By Geoffrey Smith
Investing.com -- The tech stock sell-off goes global, with heavy sector losses in Asia and Europe. Ten-year bond yields settle into a range around 1.47%, ahead of Fed Chair Jerome Powell’s last speech before the next policy meeting. Jobless claims are due and OPEC meets with Russia to set output quotas for April. Here’s what’s moving markets on Thursday, March 4th.
1. Global tech sell-off continues; metals also hit
Selling of technology stocks across the world continued overnight after another rise in bond yields triggered sharp losses in the Nasdaq Composite on Wednesday.
China’s Shanghai Shenzhen CSI 300 lost over 3% in Thursday, session, while South Korea’s KOSPI lost 1.5%. The EURO STOXX Technology index also fell almost 3%, with chipmakers and payments companies – two of the hottest sub-sectors in recent months – giving up the most.

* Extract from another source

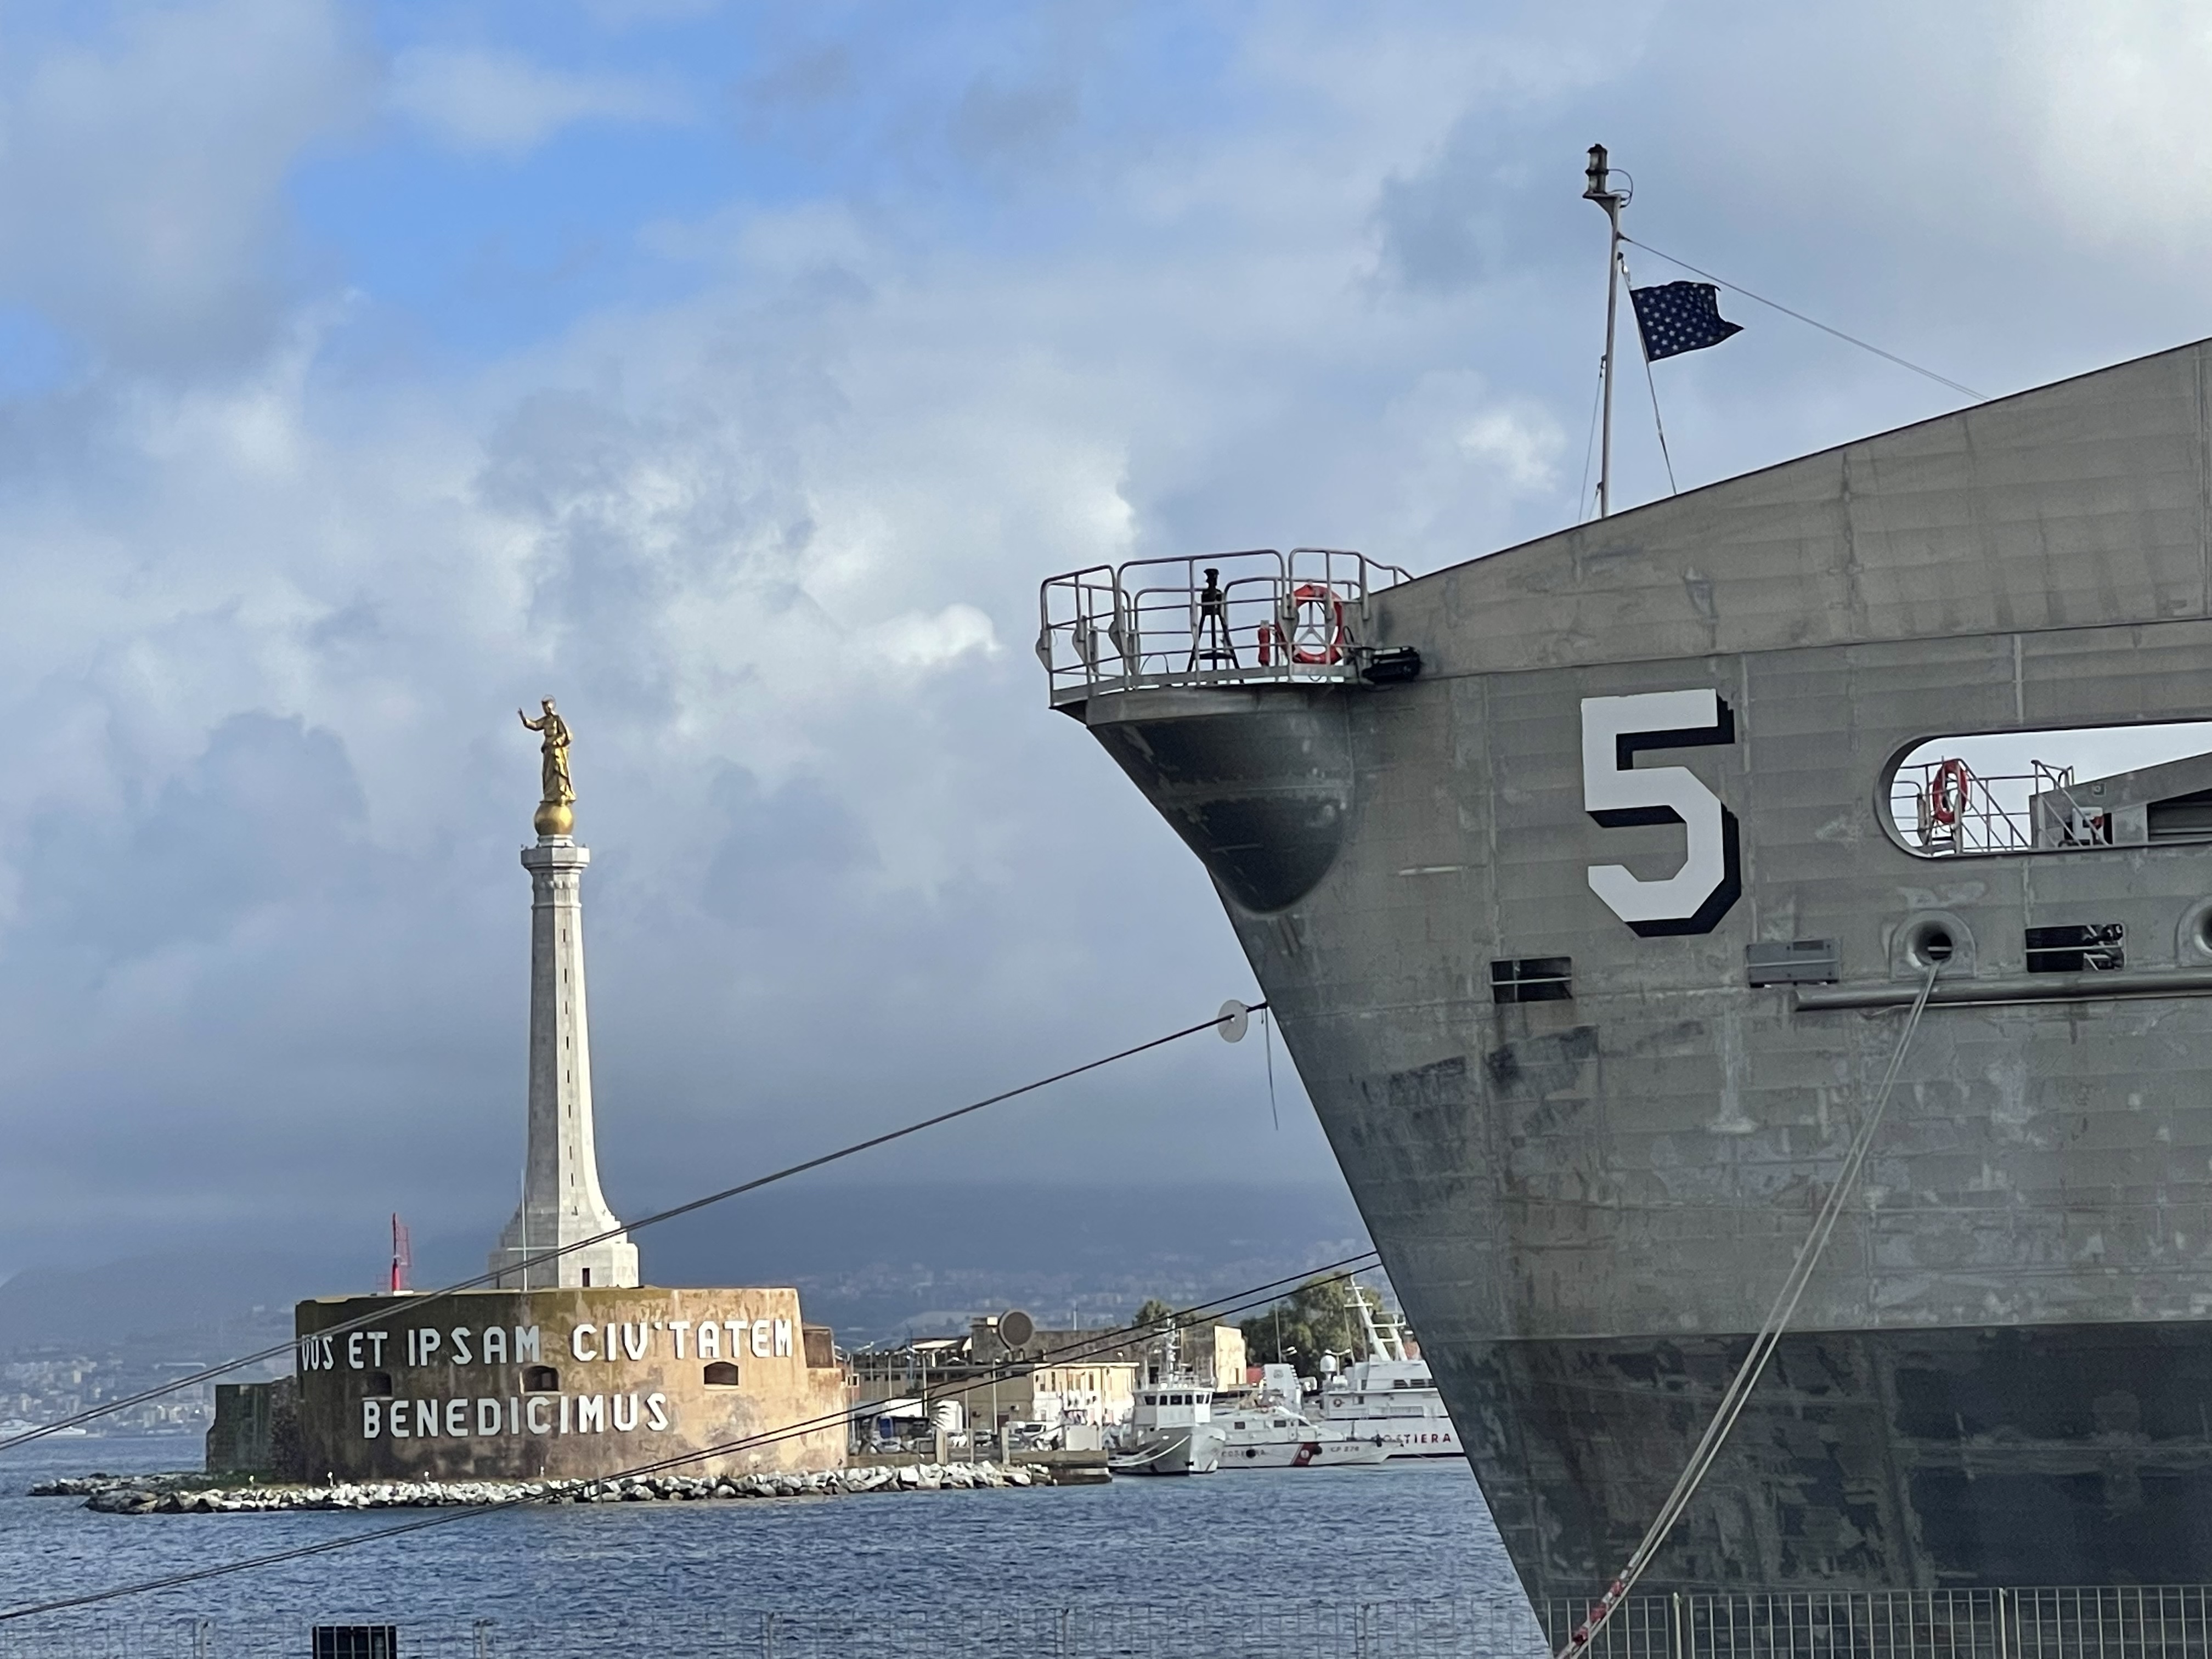 La Marina Usa sceglie Napoli per il comando della Sesta Flotta 
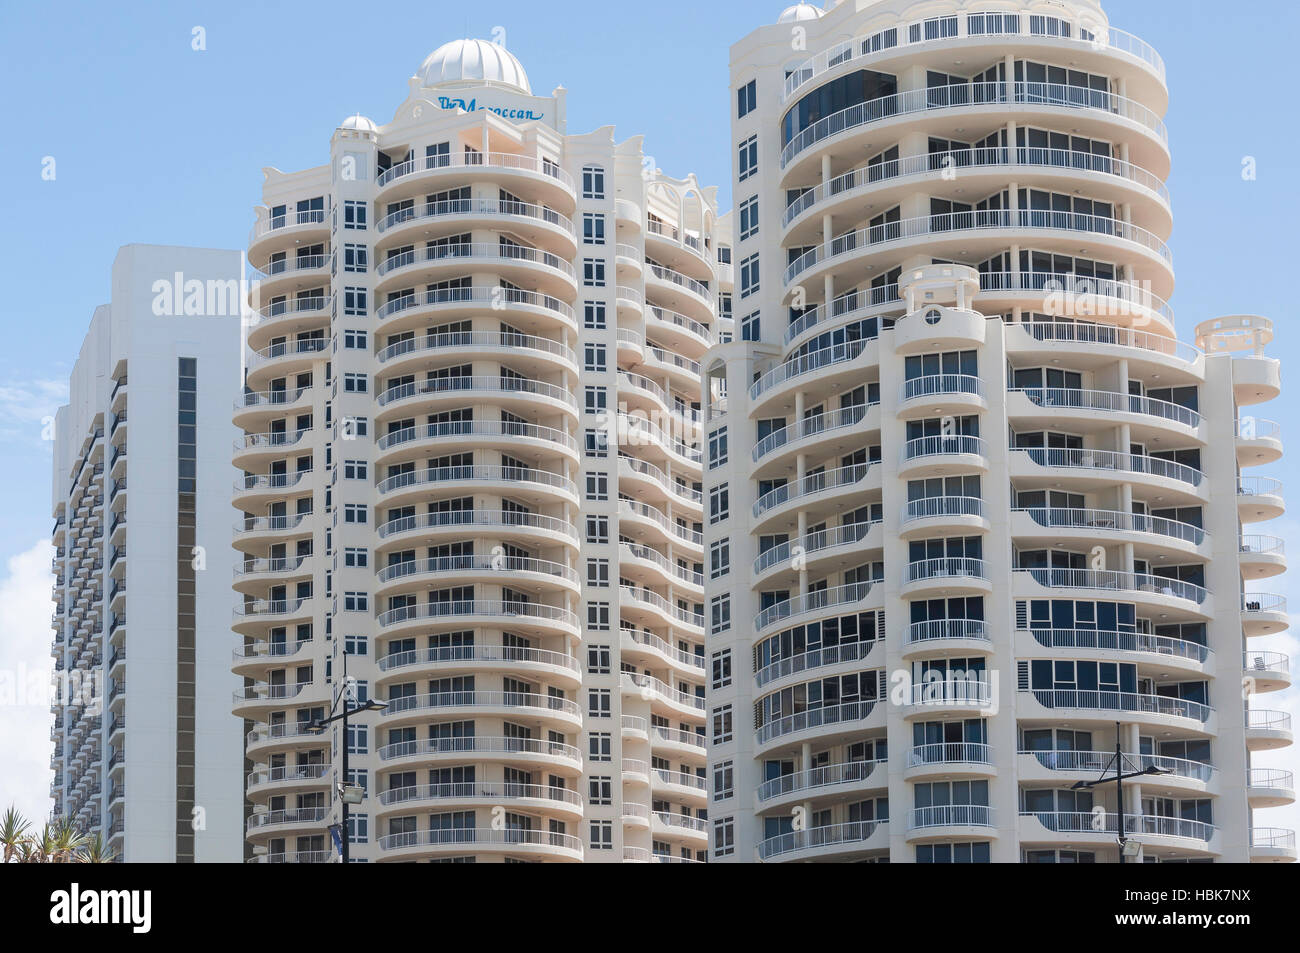 Le Resort marocain les immeubles à appartements, Surfers Paradise, ville de Gold Coast, Queensland, Australie Banque D'Images

Losses weren’t confined to tech, however. Base metals also sold off sharply, correcting after a mammoth rally so far this year. Copper futures fell nearly 5% to trade back below $4 a pound, while Nickel Futures in London lost 7.5% - both of which were reflected in sharp drops in London-listed mining stocks.
The U.S. 10-Year yield, meanwhile, stabilized around 1.47%.
2. Jobless Claims and Powell to set the tone
The increasing unease about the path of interest rates will ensure a sharp focus on Federal Chairman Jerome Powell’s speech at 12:05 PM ET, his last scheduled appearance before the Fed’s top brass enters its usual pre-meeting quiet period.
None of the Federal Open Markets Committee’s most influential members have signaled any real concern about bond yields so far in their public comments, focusing rather on the underlying weakness in the labor market.
That is likely to be on show again at 8:30 AM ET, when the week’s jobless claims are released. Analysts expect a modest increase in initial claims to 750,000. U.S. durable goods orders data for February are out at the same time, while the Challenger Job Cuts survey for February is due an hour earlier.
3. Stock sell-off set to continue
U.S. stocks are seen extending Wednesday’s losses when they open again later, on fresh fears that a rise in interest rates will undermine the case for the heroic valuations still commanded by many companies, especially in the tech space.
By 6:30 AM ET, Dow Jones futures were down 147 points, or 0.5%, while S&P 500 futures were down 0.7% and Nasdaq 100 futures were again underperforming with a drop of 0.9%. Tesla, Apple (NASDAQ:AAPL), Nvidia (NASDAQ:NVDA), Microsoft (NASDAQ:MSFT) and Advanced Micro Devices (NASDAQ:AMD) stock were all clearly down in premarket trading. Amazon (NASDAQ:AMZN) stock was down by slightly less, after news that it is in talks to secure exclusive streaming rights for a large number of NFL games.
Broadcom will release earnings after the closing bell.
4. OPEC+ meet to set April quotas
The world’s largest oil exporters will set production quotas for April, having broken with tradition by not leaking much of their intentions ahead of time. The pre-meeting of OPEC’s market monitoring committee ended without a formal recommendation to the ministers who will start thrashing out a deal at 8 AM ET (1300 GMT).
Analysts suggest that a net increase in output of anything less than 1.5 million barrels a day will be bullish for prices, arguing that global demand has recovered enough to absorb the extra supply. The big unknown is how quickly Saudi Arabia will unwind the 1 million b/d cut that it made unilaterally for February and March. That number is unlikely to be captured in the headline announcement by OPEC.
Crude prices have eased a little overnight: WTI Futures were down 0.3% at $61.09 a barrel, while Brent crude was down 0.3% at $63.91 a barrel.
5. Melvin claws back less than half its losses
The hedge fund targeted by users of a Reddit chatboard in the epic short squeeze of GameStop (NYSE:GME) stock and others was still showing the scars of that fight last month.
CNBC, citing anonymous sources, said Melvin Capital posted a 21.7% return for February after losing 53% in January as retail traders forced it to unwind its big bet against the video games retailer in a hurry.
Melvin had been rescued by capital injections from Steven Cohen’s Point 72 investment firm and Ken Griffin’s Citadel – the latter being the company that is the biggest buyer of order flow data from online brokerage Robinhood.